# What you have to do
Reprint the lines below as they are, minus the pictures.

# Collected data
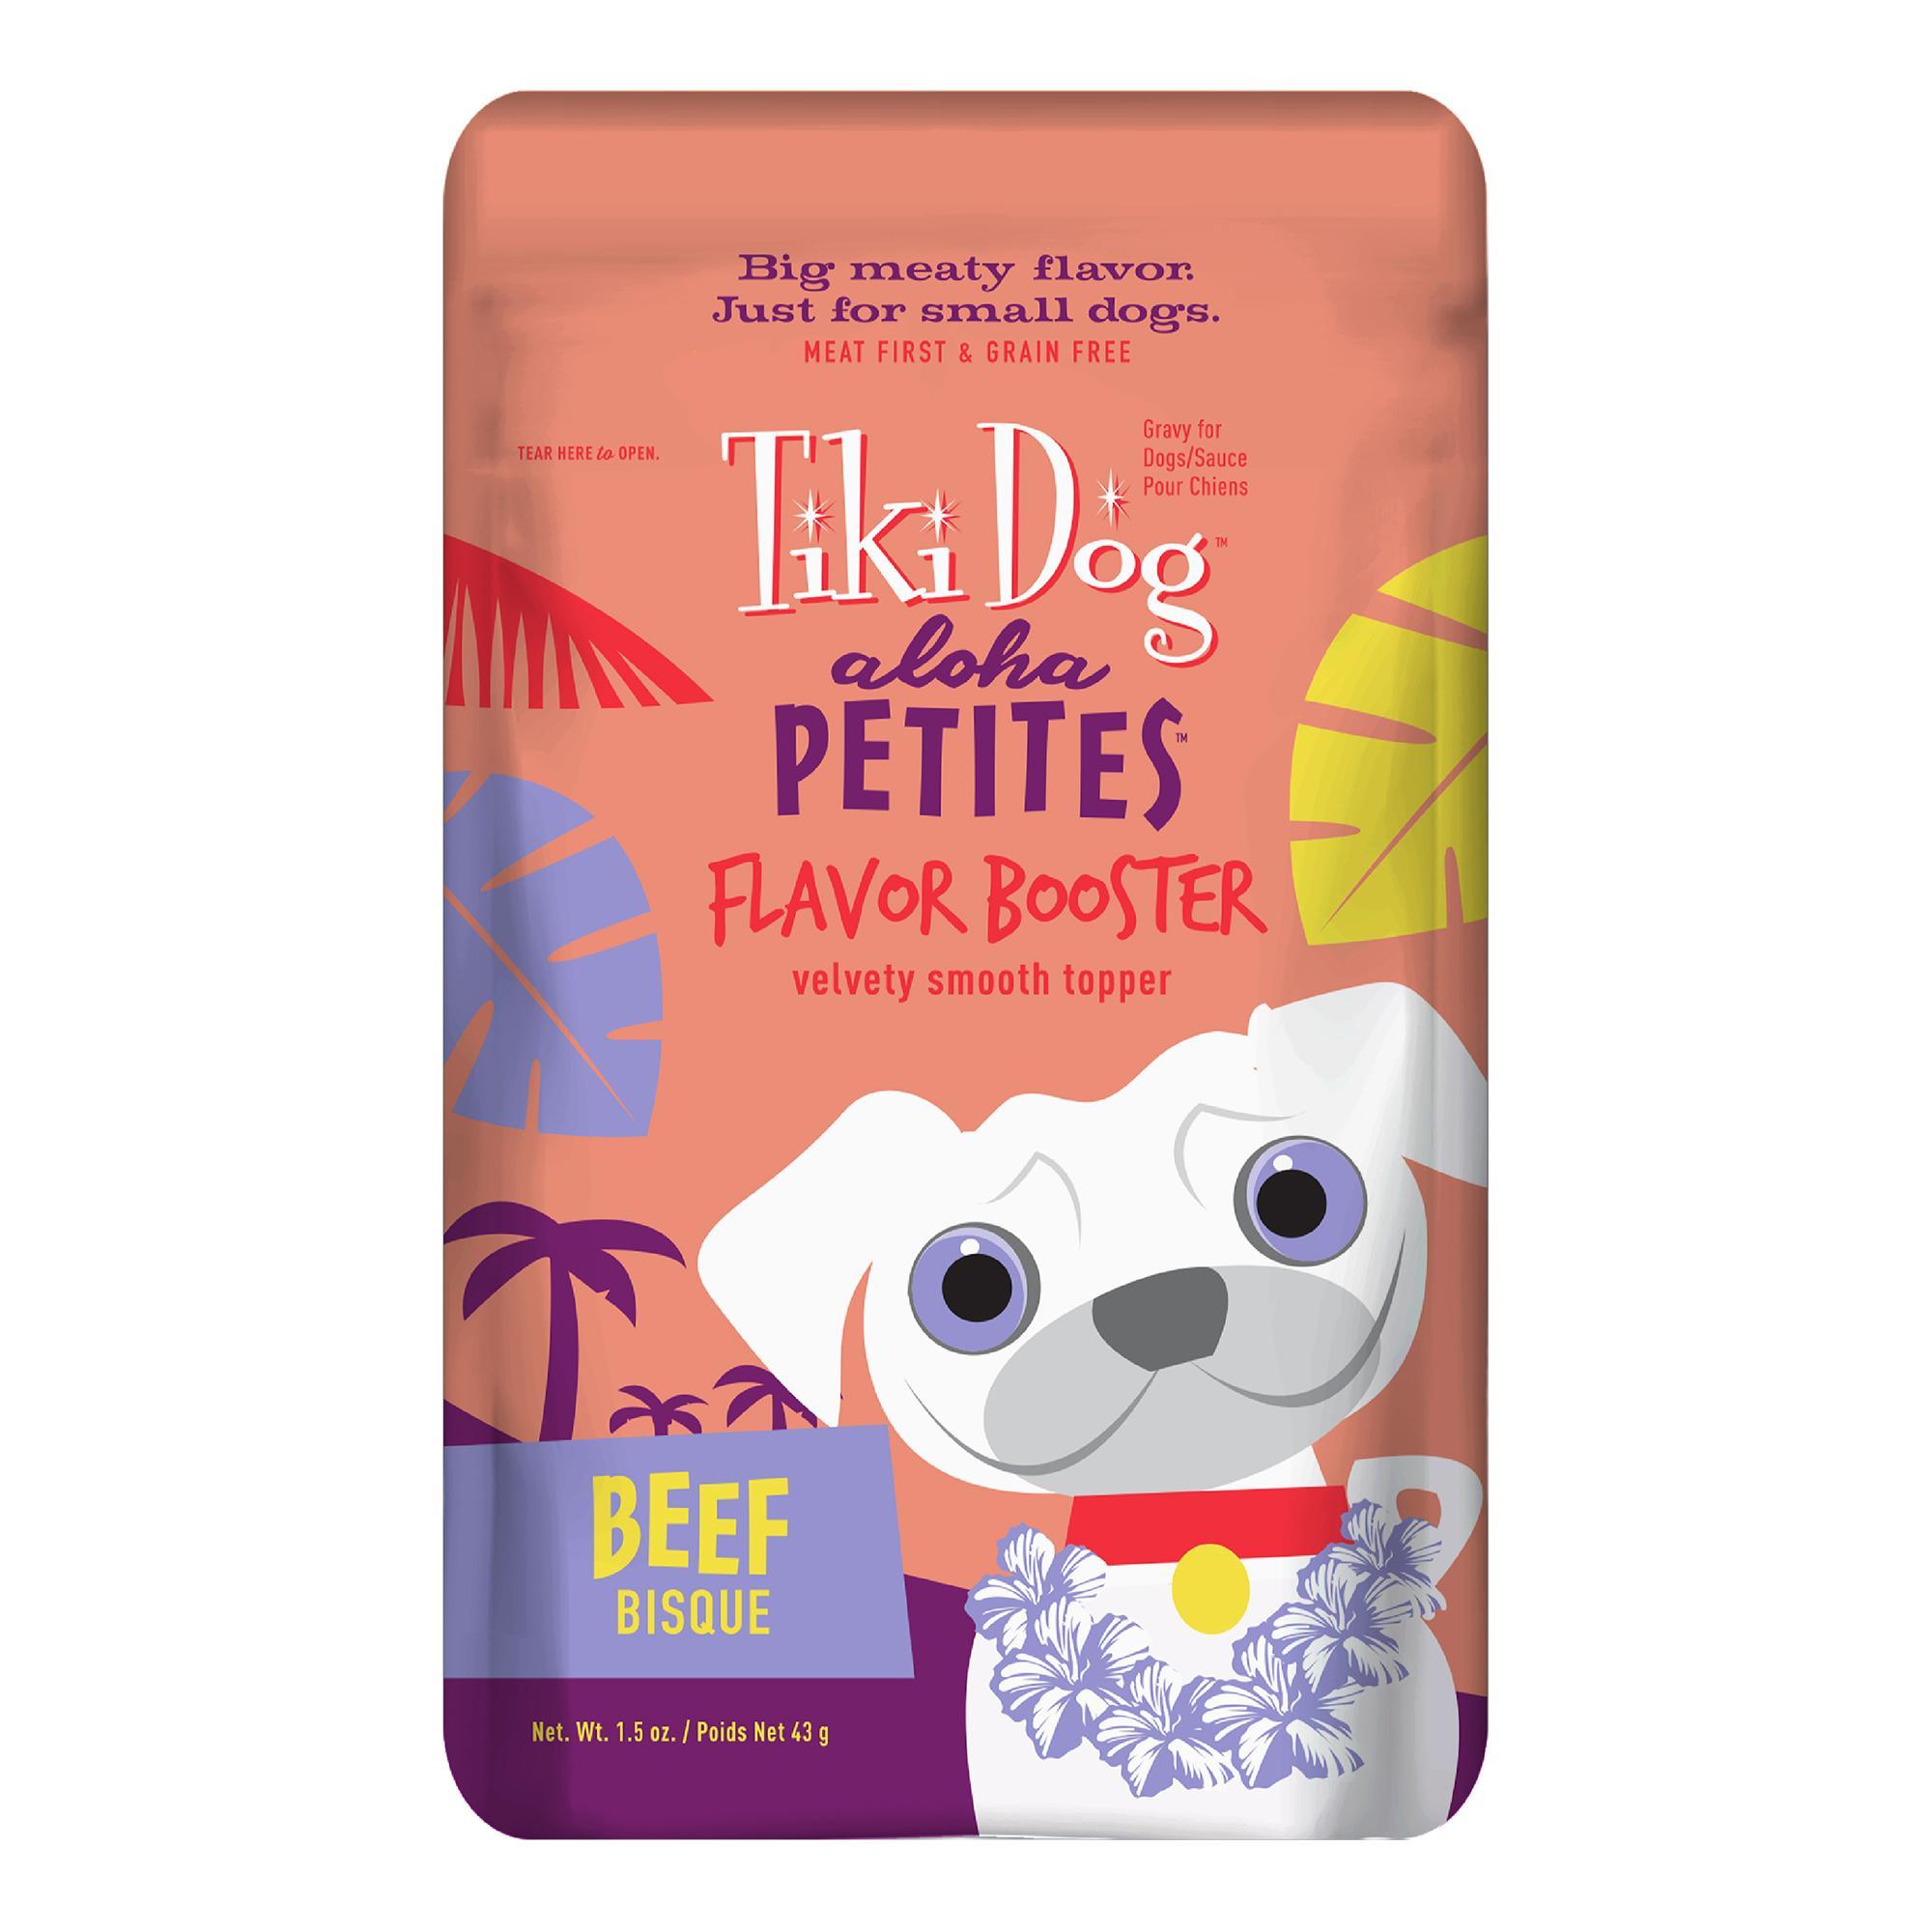 Tiki Dog Aloha Petites Flavor Booster Beef Bisque Dog Treat, 1.5-oz pouch
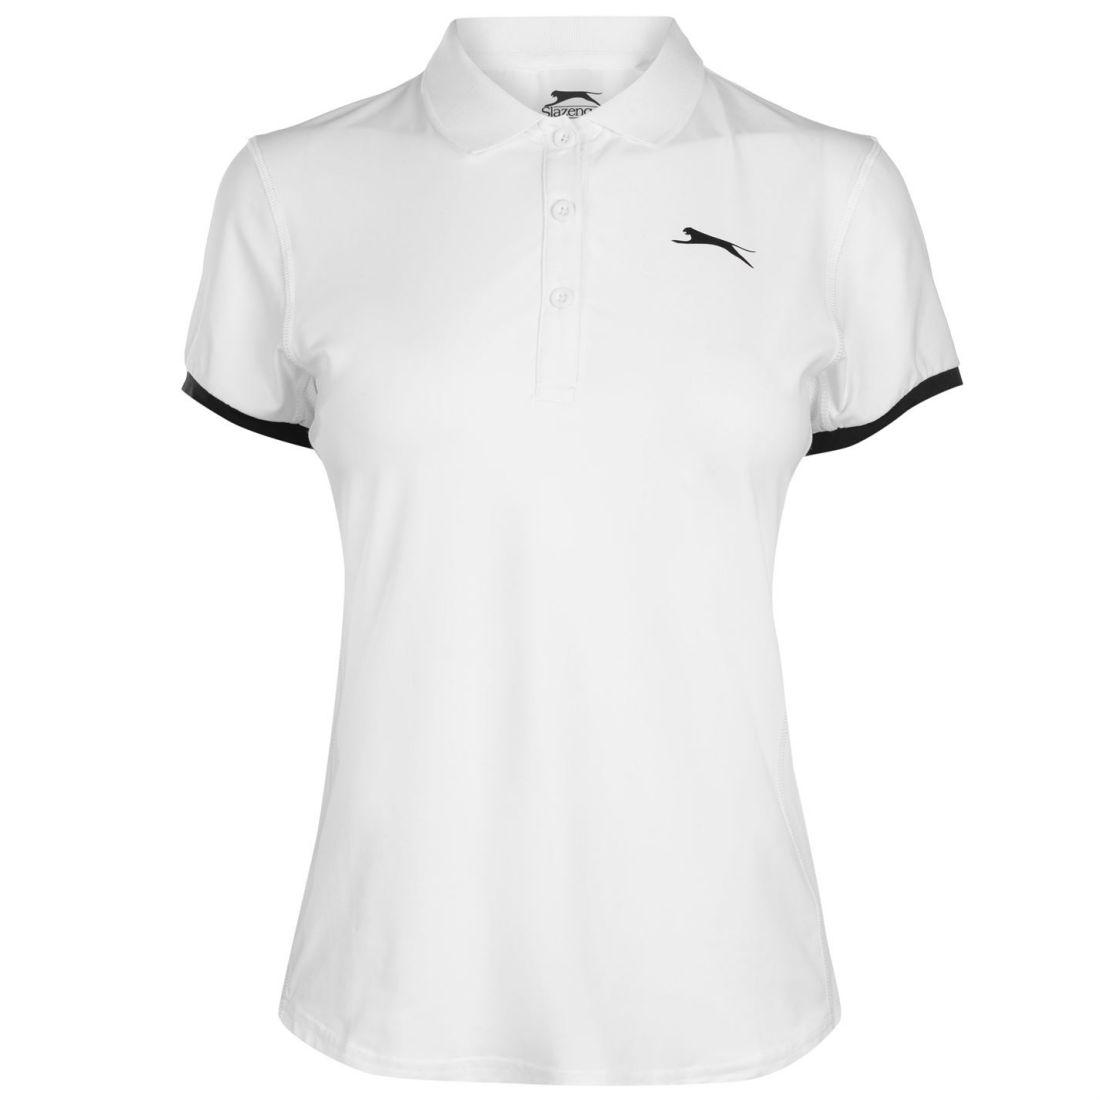 03fa5f12c Image is loading Slazenger-Court-Polo-Shirt-Ladies-Short-Sleeve-Performance-
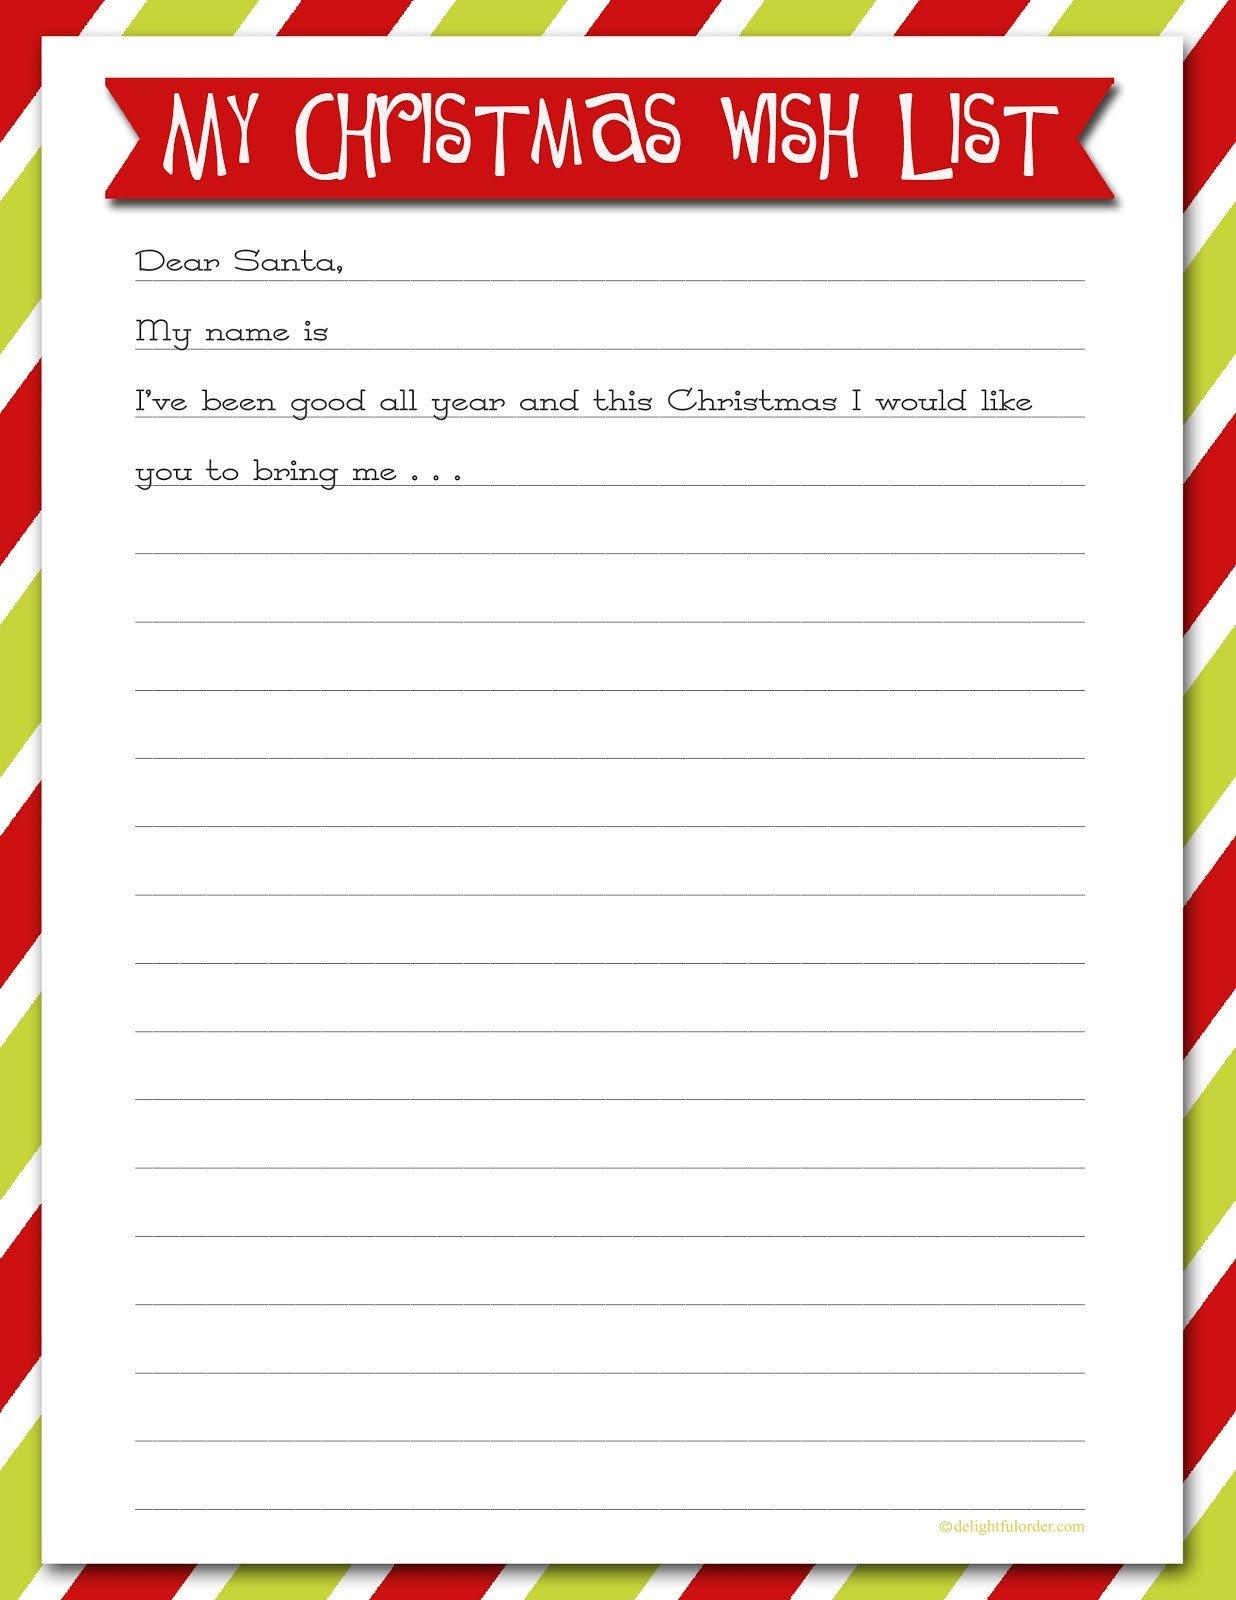 Christmas List Template Word Printable Christmas Wish Lists are We there yet

# Exercise solution
 Tiki Dog Aloha Petites Flavor Booster Beef Bisque Dog Treat, 1.5-oz pouch
 03fa5f12c Image is loading Slazenger-Court-Polo-Shirt-Ladies-Short-Sleeve-Performance-
 Christmas List Template Word Printable Christmas Wish Lists are We there yet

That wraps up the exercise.